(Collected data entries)
____________
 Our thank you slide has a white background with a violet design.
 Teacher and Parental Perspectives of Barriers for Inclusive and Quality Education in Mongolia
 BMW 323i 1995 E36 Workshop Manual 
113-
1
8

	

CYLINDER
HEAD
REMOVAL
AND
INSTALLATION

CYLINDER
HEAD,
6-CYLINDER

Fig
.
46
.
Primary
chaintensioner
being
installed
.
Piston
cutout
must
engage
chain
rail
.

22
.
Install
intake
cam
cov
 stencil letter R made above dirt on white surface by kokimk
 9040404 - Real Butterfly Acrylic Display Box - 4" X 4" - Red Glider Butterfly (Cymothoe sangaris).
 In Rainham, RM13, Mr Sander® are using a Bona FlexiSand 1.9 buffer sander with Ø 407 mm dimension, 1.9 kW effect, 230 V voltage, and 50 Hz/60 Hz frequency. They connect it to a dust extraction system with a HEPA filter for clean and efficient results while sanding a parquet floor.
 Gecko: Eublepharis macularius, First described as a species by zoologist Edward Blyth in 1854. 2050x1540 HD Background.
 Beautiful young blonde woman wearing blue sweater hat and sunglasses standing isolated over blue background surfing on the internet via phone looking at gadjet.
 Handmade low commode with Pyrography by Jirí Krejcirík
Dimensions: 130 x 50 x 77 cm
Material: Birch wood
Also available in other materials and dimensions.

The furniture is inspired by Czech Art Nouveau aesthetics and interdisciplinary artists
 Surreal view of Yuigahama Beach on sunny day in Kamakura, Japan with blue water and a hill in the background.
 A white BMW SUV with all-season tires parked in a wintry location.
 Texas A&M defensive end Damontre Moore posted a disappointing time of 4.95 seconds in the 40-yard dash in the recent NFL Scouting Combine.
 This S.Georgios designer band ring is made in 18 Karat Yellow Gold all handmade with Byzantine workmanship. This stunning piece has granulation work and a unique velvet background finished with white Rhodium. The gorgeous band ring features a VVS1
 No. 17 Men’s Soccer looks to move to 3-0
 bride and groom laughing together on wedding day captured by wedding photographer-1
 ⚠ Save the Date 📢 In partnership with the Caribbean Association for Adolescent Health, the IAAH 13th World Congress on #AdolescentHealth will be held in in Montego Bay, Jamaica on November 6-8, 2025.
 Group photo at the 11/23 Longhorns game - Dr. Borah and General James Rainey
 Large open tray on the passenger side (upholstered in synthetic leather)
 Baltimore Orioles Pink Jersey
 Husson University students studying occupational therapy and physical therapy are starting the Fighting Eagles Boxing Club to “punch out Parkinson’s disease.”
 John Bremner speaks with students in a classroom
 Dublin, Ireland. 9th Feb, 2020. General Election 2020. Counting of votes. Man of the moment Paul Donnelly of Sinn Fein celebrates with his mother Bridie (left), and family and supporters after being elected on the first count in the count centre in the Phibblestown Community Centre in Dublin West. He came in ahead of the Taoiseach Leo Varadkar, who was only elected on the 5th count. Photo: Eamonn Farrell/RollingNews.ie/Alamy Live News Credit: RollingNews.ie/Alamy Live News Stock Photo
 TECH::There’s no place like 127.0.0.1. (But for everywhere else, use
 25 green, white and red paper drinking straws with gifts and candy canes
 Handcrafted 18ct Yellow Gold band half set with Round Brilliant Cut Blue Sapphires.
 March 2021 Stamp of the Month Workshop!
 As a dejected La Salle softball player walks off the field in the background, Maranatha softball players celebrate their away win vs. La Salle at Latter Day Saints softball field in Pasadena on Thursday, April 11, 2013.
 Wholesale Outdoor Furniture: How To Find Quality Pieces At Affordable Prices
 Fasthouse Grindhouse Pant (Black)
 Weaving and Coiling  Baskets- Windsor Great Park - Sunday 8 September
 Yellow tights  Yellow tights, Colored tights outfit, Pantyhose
____________
Work request >>
Copy out the records shown above, every one, exactly.

Output below >>
 Our thank you slide has a white background with a violet design.
 Teacher and Parental Perspectives of Barriers for Inclusive and Quality Education in Mongolia
 BMW 323i 1995 E36 Workshop Manual 
113-
1
8

	

CYLINDER
HEAD
REMOVAL
AND
INSTALLATION

CYLINDER
HEAD,
6-CYLINDER

Fig
.
46
.
Primary
chaintensioner
being
installed
.
Piston
cutout
must
engage
chain
rail
.

22
.
Install
intake
cam
cov
 stencil letter R made above dirt on white surface by kokimk
 9040404 - Real Butterfly Acrylic Display Box - 4" X 4" - Red Glider Butterfly (Cymothoe sangaris).
 In Rainham, RM13, Mr Sander® are using a Bona FlexiSand 1.9 buffer sander with Ø 407 mm dimension, 1.9 kW effect, 230 V voltage, and 50 Hz/60 Hz frequency. They connect it to a dust extraction system with a HEPA filter for clean and efficient results while sanding a parquet floor.
 Gecko: Eublepharis macularius, First described as a species by zoologist Edward Blyth in 1854. 2050x1540 HD Background.
 Beautiful young blonde woman wearing blue sweater hat and sunglasses standing isolated over blue background surfing on the internet via phone looking at gadjet.
 Handmade low commode with Pyrography by Jirí Krejcirík
Dimensions: 130 x 50 x 77 cm
Material: Birch wood
Also available in other materials and dimensions.

The furniture is inspired by Czech Art Nouveau aesthetics and interdisciplinary artists
 Surreal view of Yuigahama Beach on sunny day in Kamakura, Japan with blue water and a hill in the background.
 A white BMW SUV with all-season tires parked in a wintry location.
 Texas A&M defensive end Damontre Moore posted a disappointing time of 4.95 seconds in the 40-yard dash in the recent NFL Scouting Combine.
 This S.Georgios designer band ring is made in 18 Karat Yellow Gold all handmade with Byzantine workmanship. This stunning piece has granulation work and a unique velvet background finished with white Rhodium. The gorgeous band ring features a VVS1
 No. 17 Men’s Soccer looks to move to 3-0
 bride and groom laughing together on wedding day captured by wedding photographer-1
 ⚠ Save the Date 📢 In partnership with the Caribbean Association for Adolescent Health, the IAAH 13th World Congress on #AdolescentHealth will be held in in Montego Bay, Jamaica on November 6-8, 2025.
 Group photo at the 11/23 Longhorns game - Dr. Borah and General James Rainey
 Large open tray on the passenger side (upholstered in synthetic leather)
 Baltimore Orioles Pink Jersey
 Husson University students studying occupational therapy and physical therapy are starting the Fighting Eagles Boxing Club to “punch out Parkinson’s disease.”
 John Bremner speaks with students in a classroom
 Dublin, Ireland. 9th Feb, 2020. General Election 2020. Counting of votes. Man of the moment Paul Donnelly of Sinn Fein celebrates with his mother Bridie (left), and family and supporters after being elected on the first count in the count centre in the Phibblestown Community Centre in Dublin West. He came in ahead of the Taoiseach Leo Varadkar, who was only elected on the 5th count. Photo: Eamonn Farrell/RollingNews.ie/Alamy Live News Credit: RollingNews.ie/Alamy Live News Stock Photo
 TECH::There’s no place like 127.0.0.1. (But for everywhere else, use
 25 green, white and red paper drinking straws with gifts and candy canes
 Handcrafted 18ct Yellow Gold band half set with Round Brilliant Cut Blue Sapphires.
 March 2021 Stamp of the Month Workshop!
 As a dejected La Salle softball player walks off the field in the background, Maranatha softball players celebrate their away win vs. La Salle at Latter Day Saints softball field in Pasadena on Thursday, April 11, 2013.
 Wholesale Outdoor Furniture: How To Find Quality Pieces At Affordable Prices
 Fasthouse Grindhouse Pant (Black)
 Weaving and Coiling  Baskets- Windsor Great Park - Sunday 8 September
 Yellow tights  Yellow tights, Colored tights outfit, Pantyhose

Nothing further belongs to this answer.